WHAT TO WORK ON
Transcribe the listing below in full, exactly, with no images.

RAW DATA
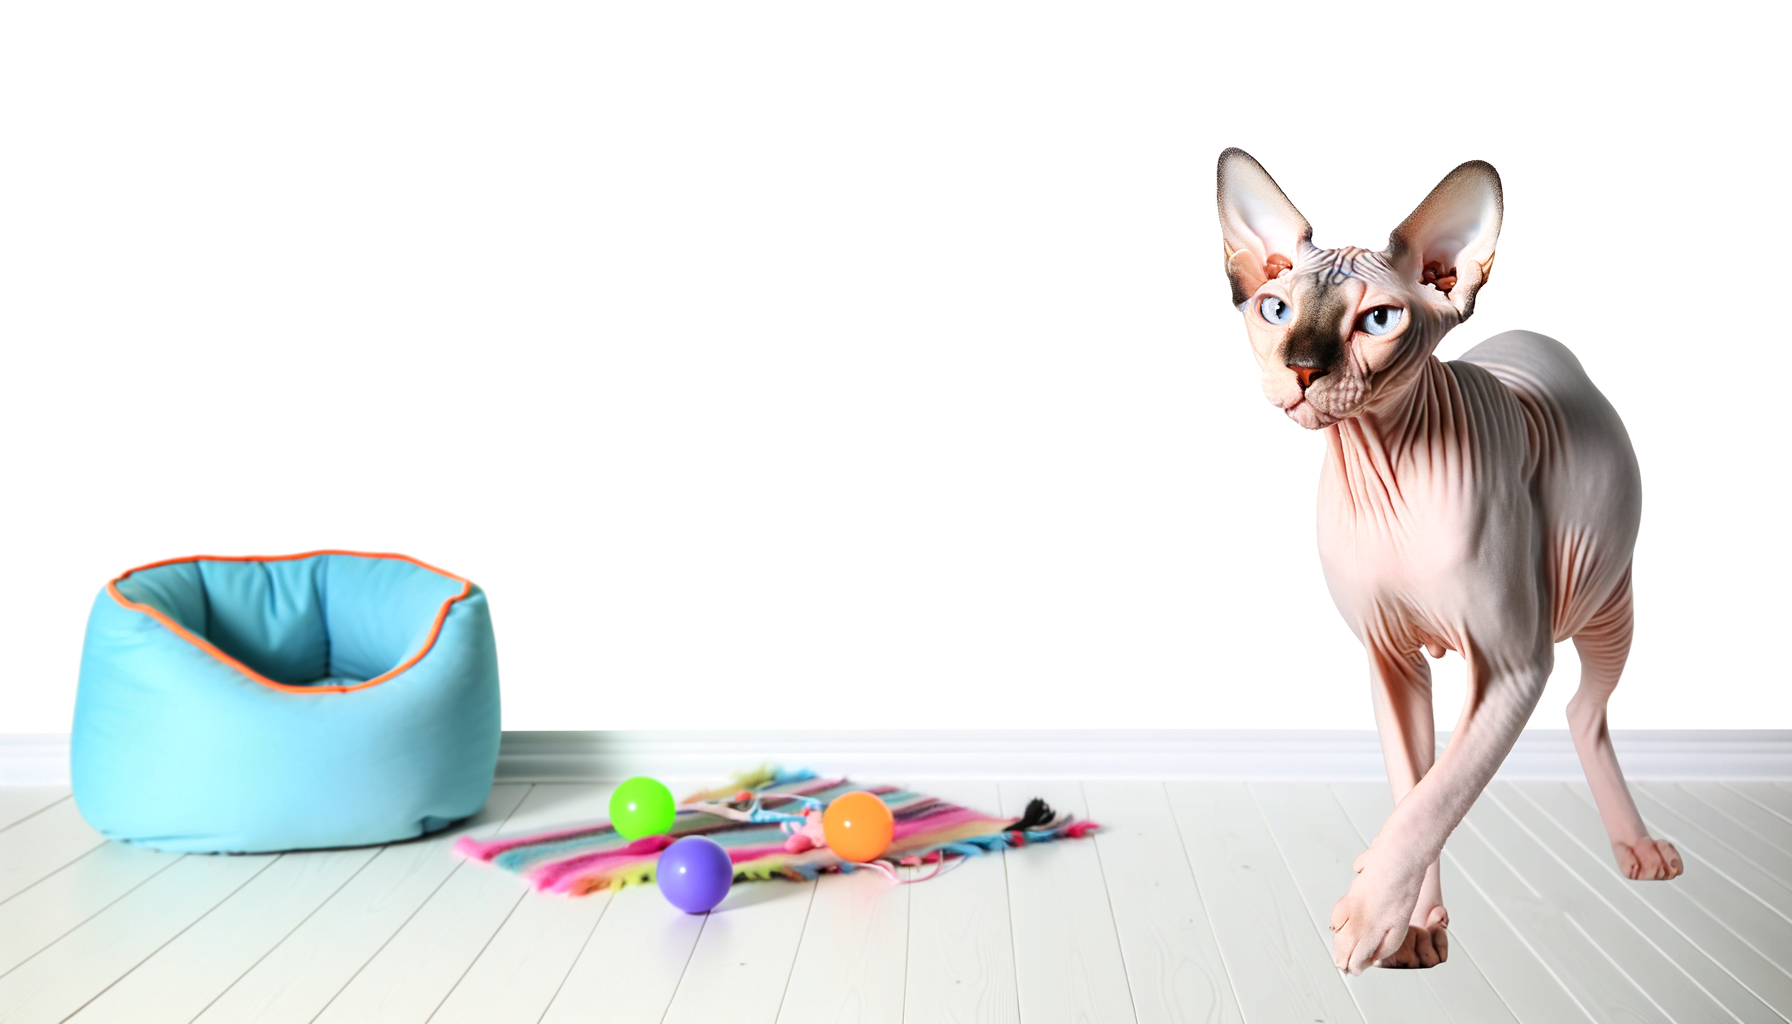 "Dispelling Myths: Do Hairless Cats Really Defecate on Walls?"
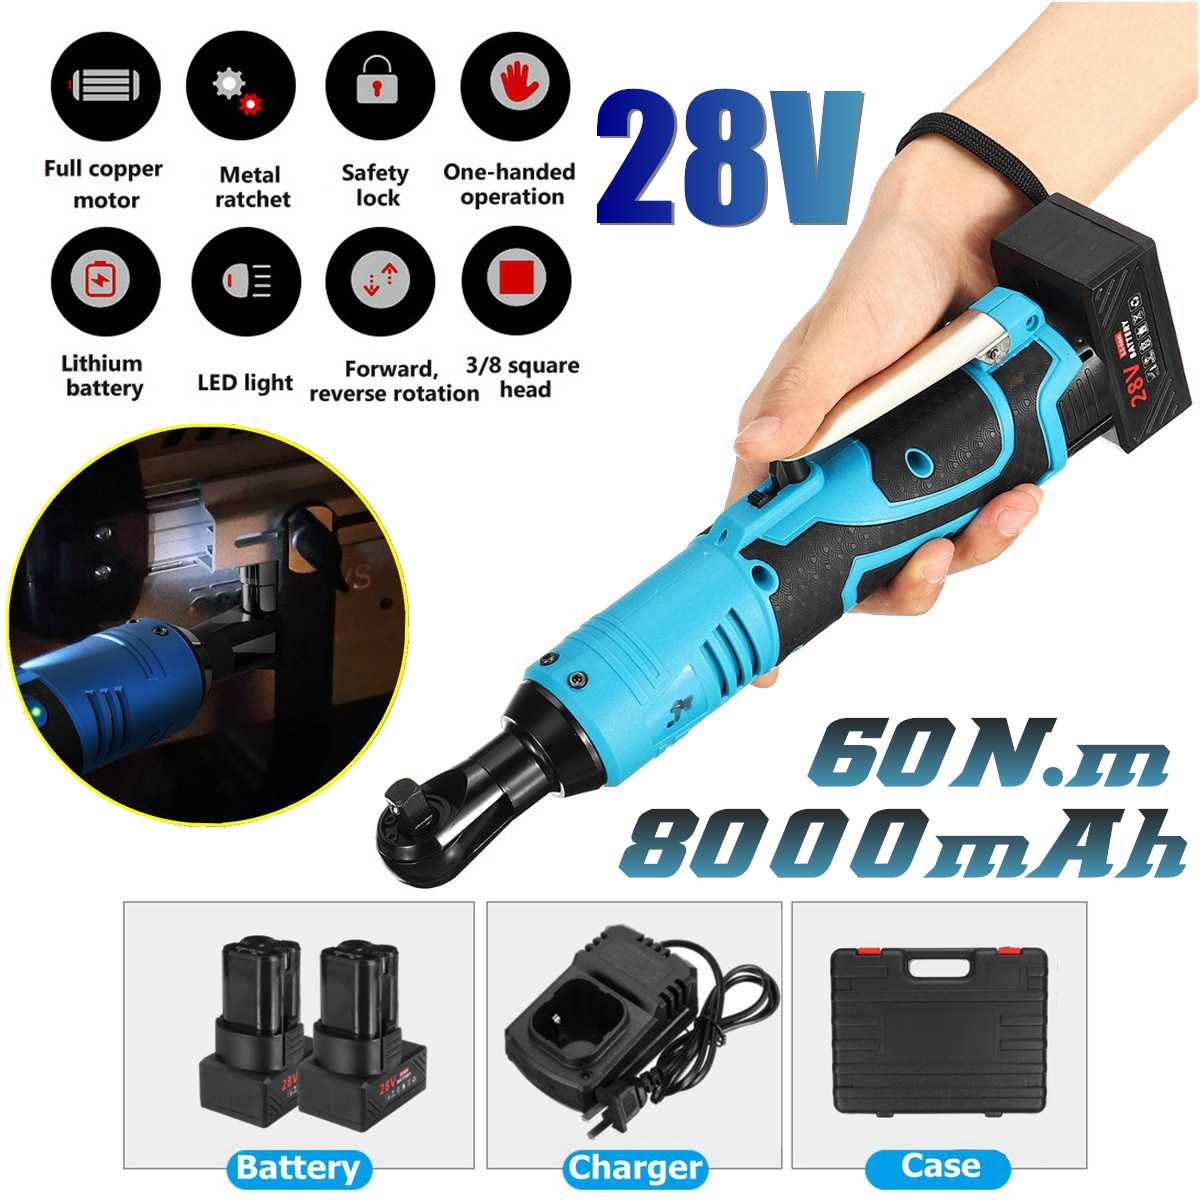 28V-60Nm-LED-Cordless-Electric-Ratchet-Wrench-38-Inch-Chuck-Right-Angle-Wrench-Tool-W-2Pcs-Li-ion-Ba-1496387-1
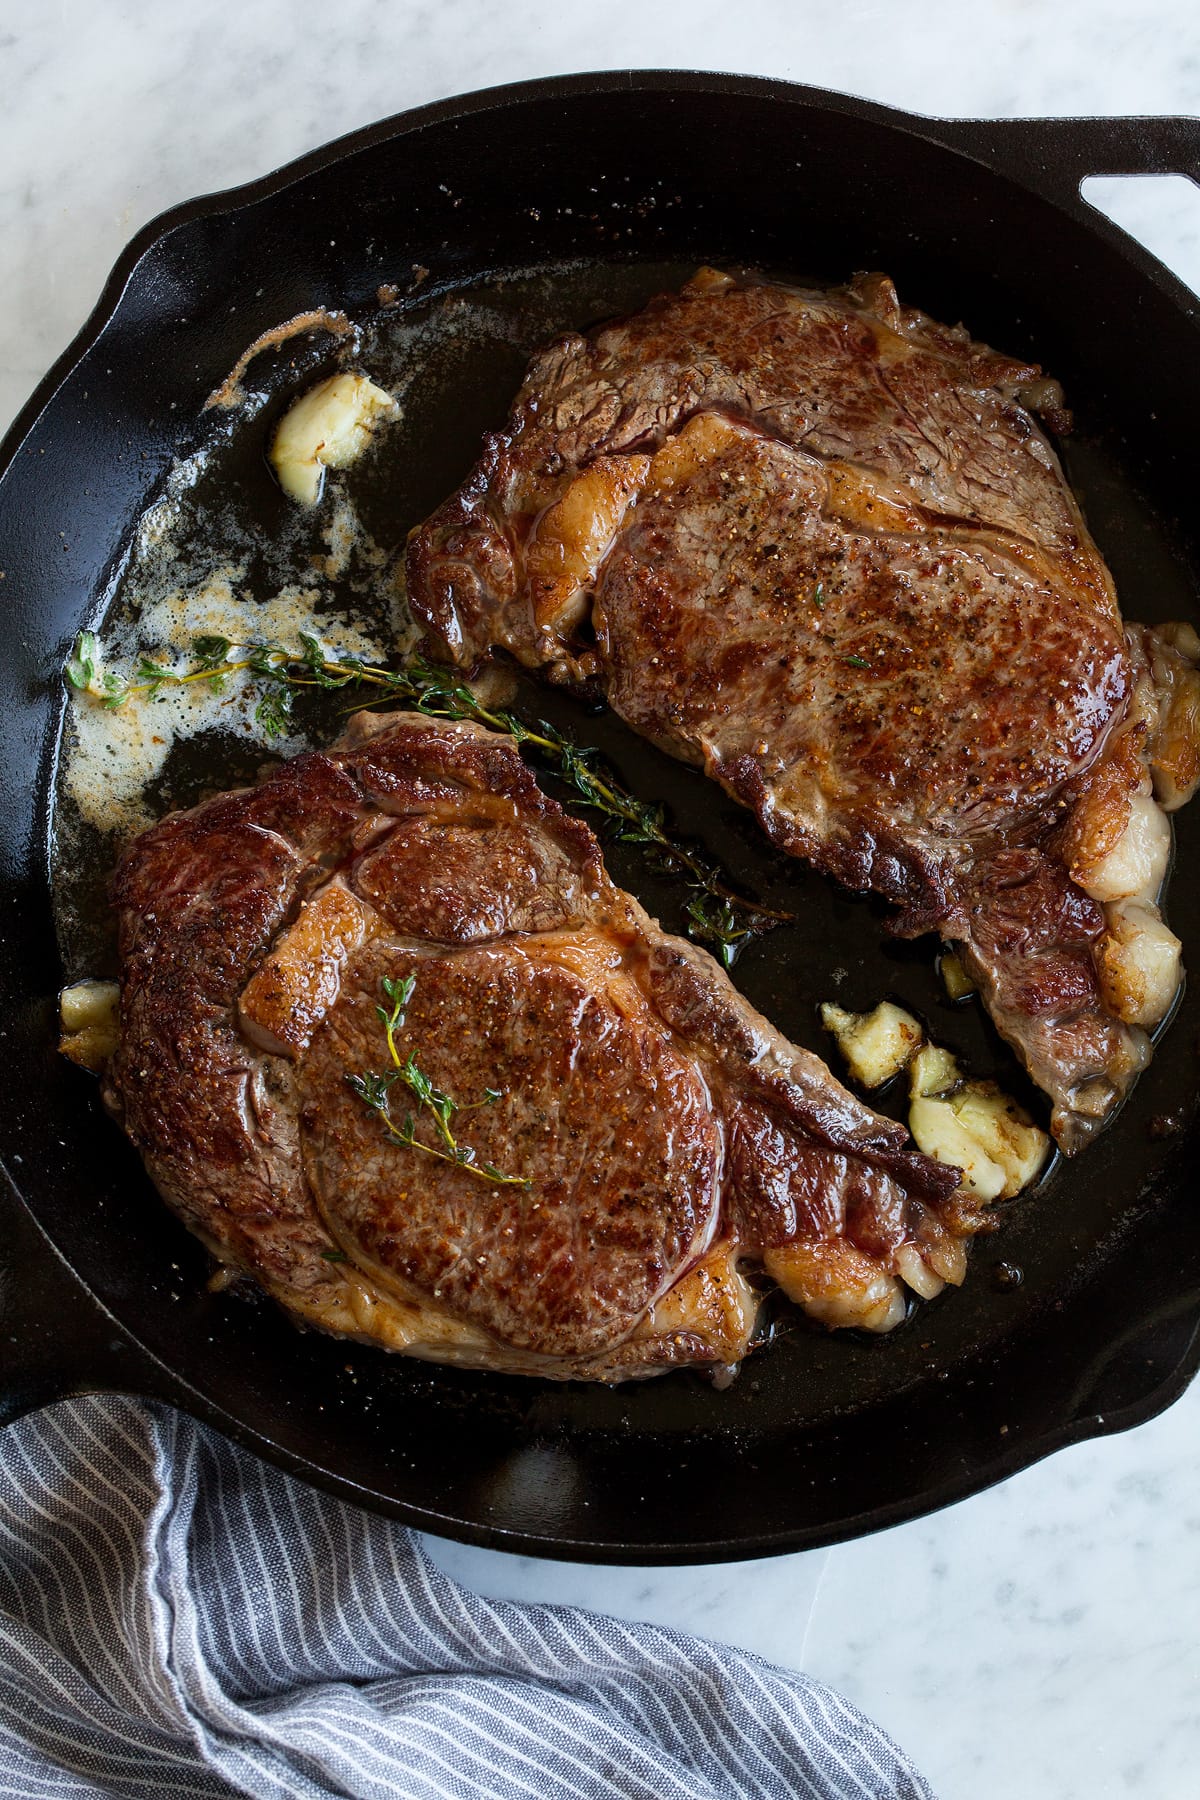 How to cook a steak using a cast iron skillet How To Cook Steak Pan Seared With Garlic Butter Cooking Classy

EXERCISE SOLUTION
 "Dispelling Myths: Do Hairless Cats Really Defecate on Walls?"
 28V-60Nm-LED-Cordless-Electric-Ratchet-Wrench-38-Inch-Chuck-Right-Angle-Wrench-Tool-W-2Pcs-Li-ion-Ba-1496387-1
 How to cook a steak using a cast iron skillet How To Cook Steak Pan Seared With Garlic Butter Cooking Classy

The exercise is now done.